_Problem to solve_
Down to the last line, set down the listing below exactly, apart from its pictures.

_Collected data_
↓↓↓

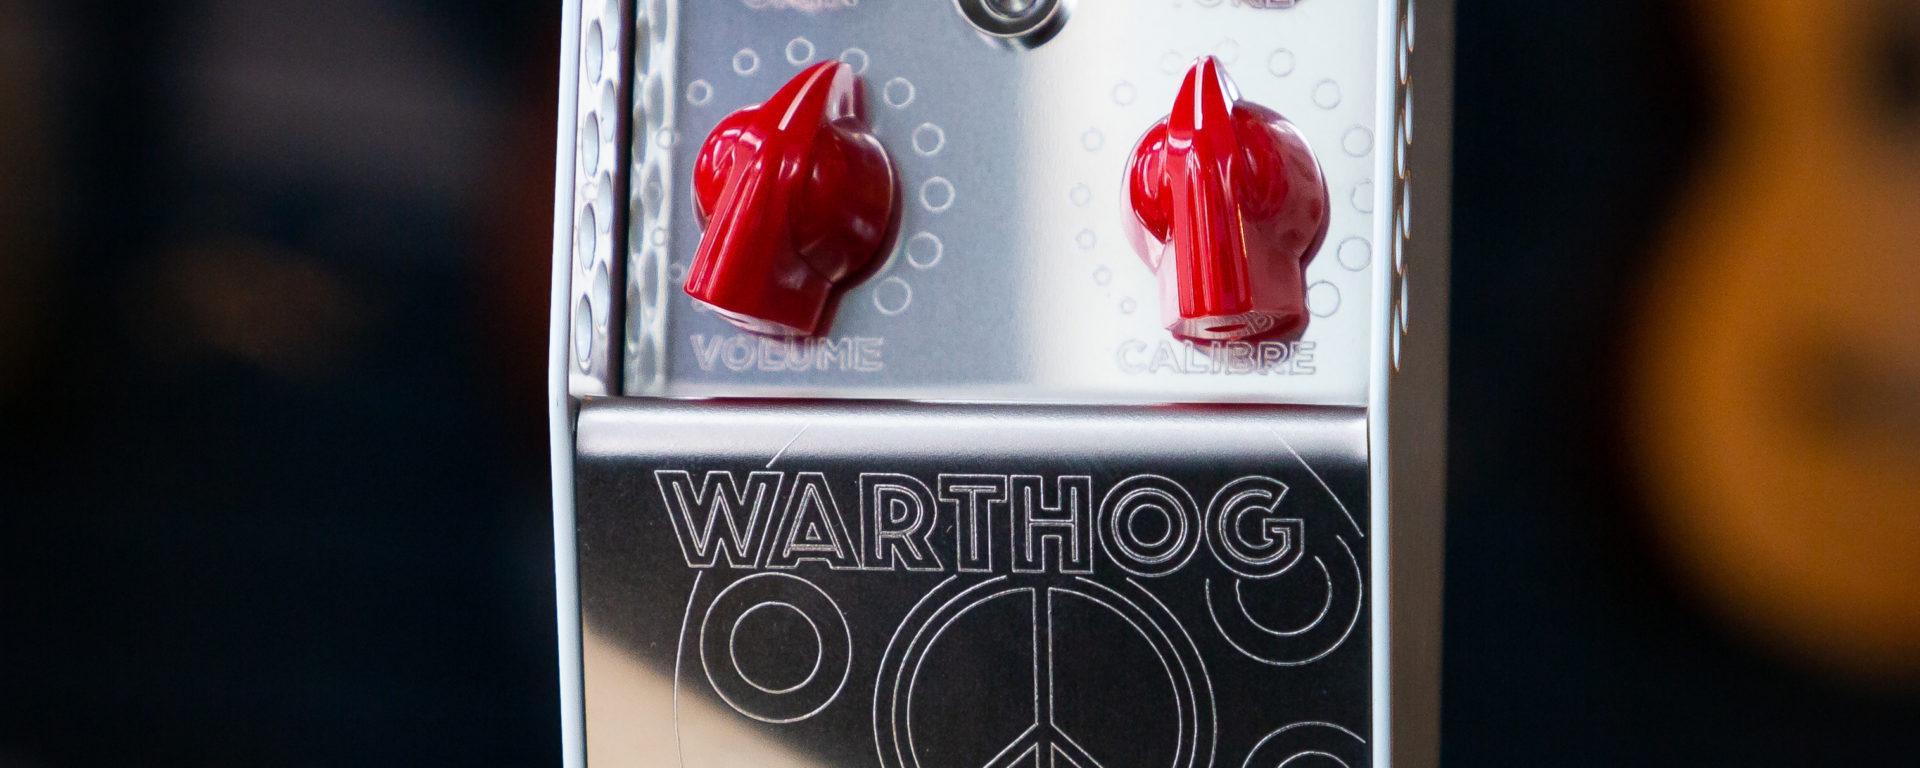 ThorpyFX Warthog
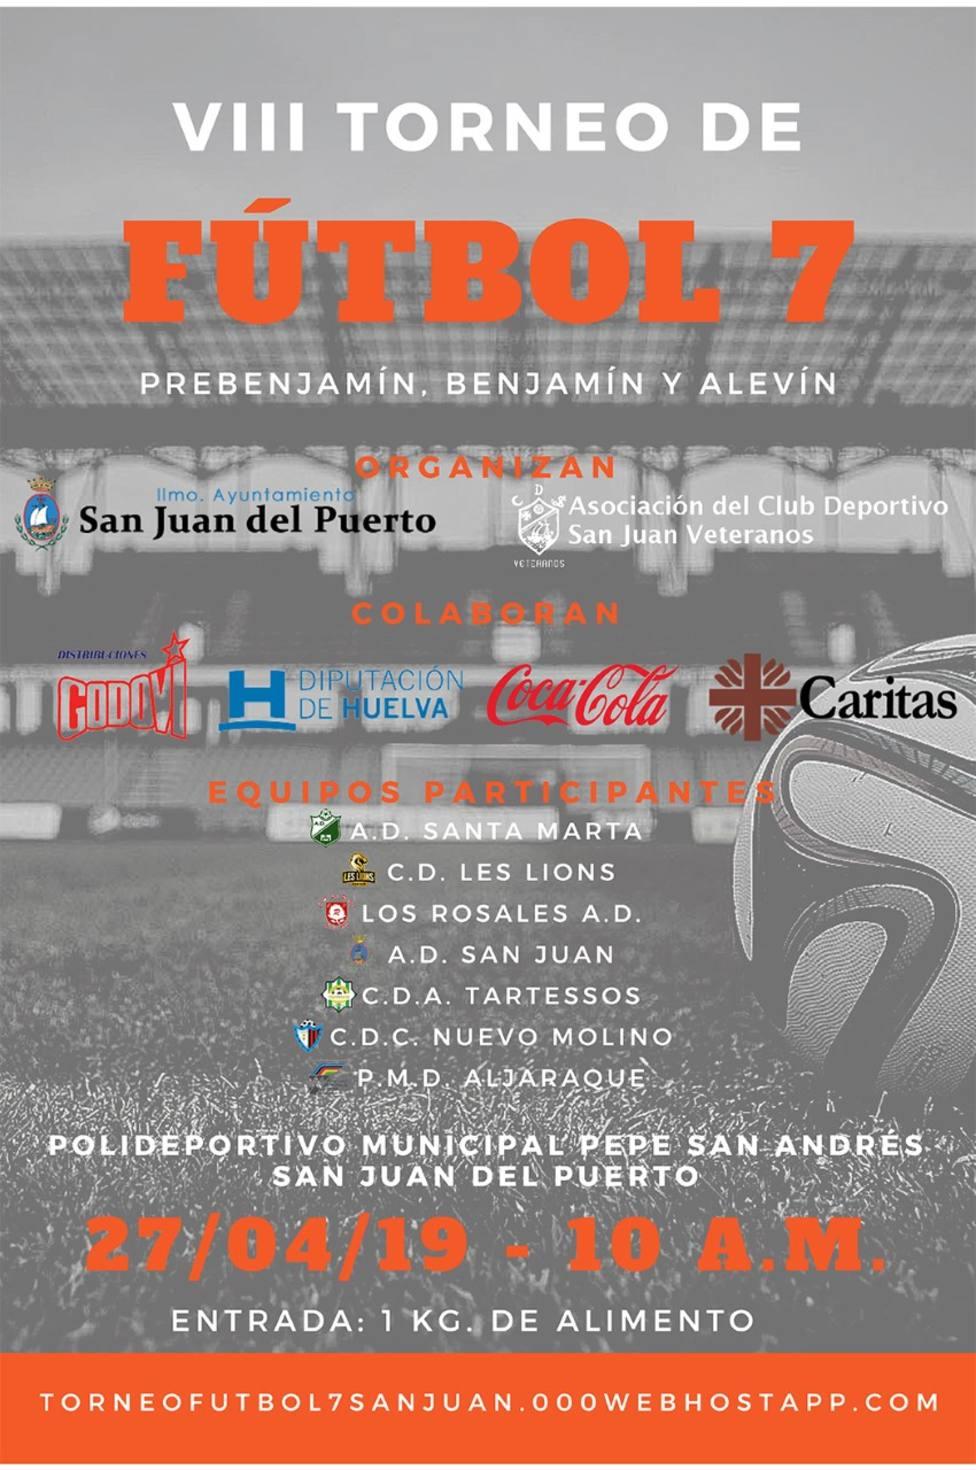 cartel anunciador del Torneo de Fútbol 7
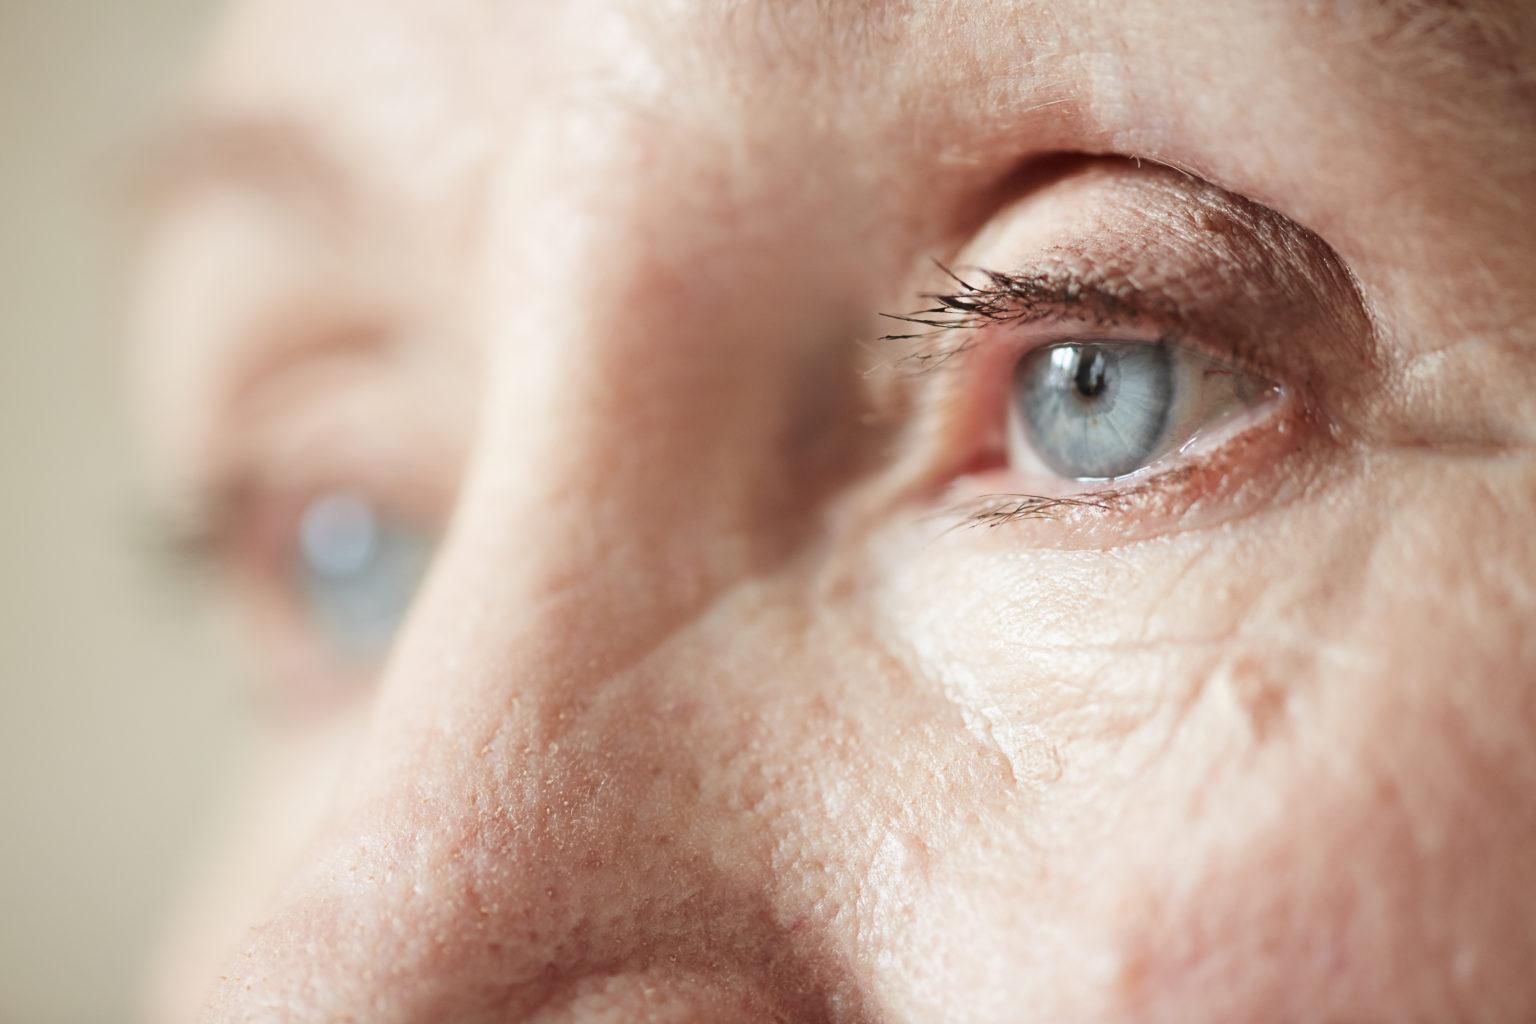 Blaue Augen einer alte Person

↑↑↑

_Problem solution_
 ThorpyFX Warthog
 cartel anunciador del Torneo de Fútbol 7
 Blaue Augen einer alte Person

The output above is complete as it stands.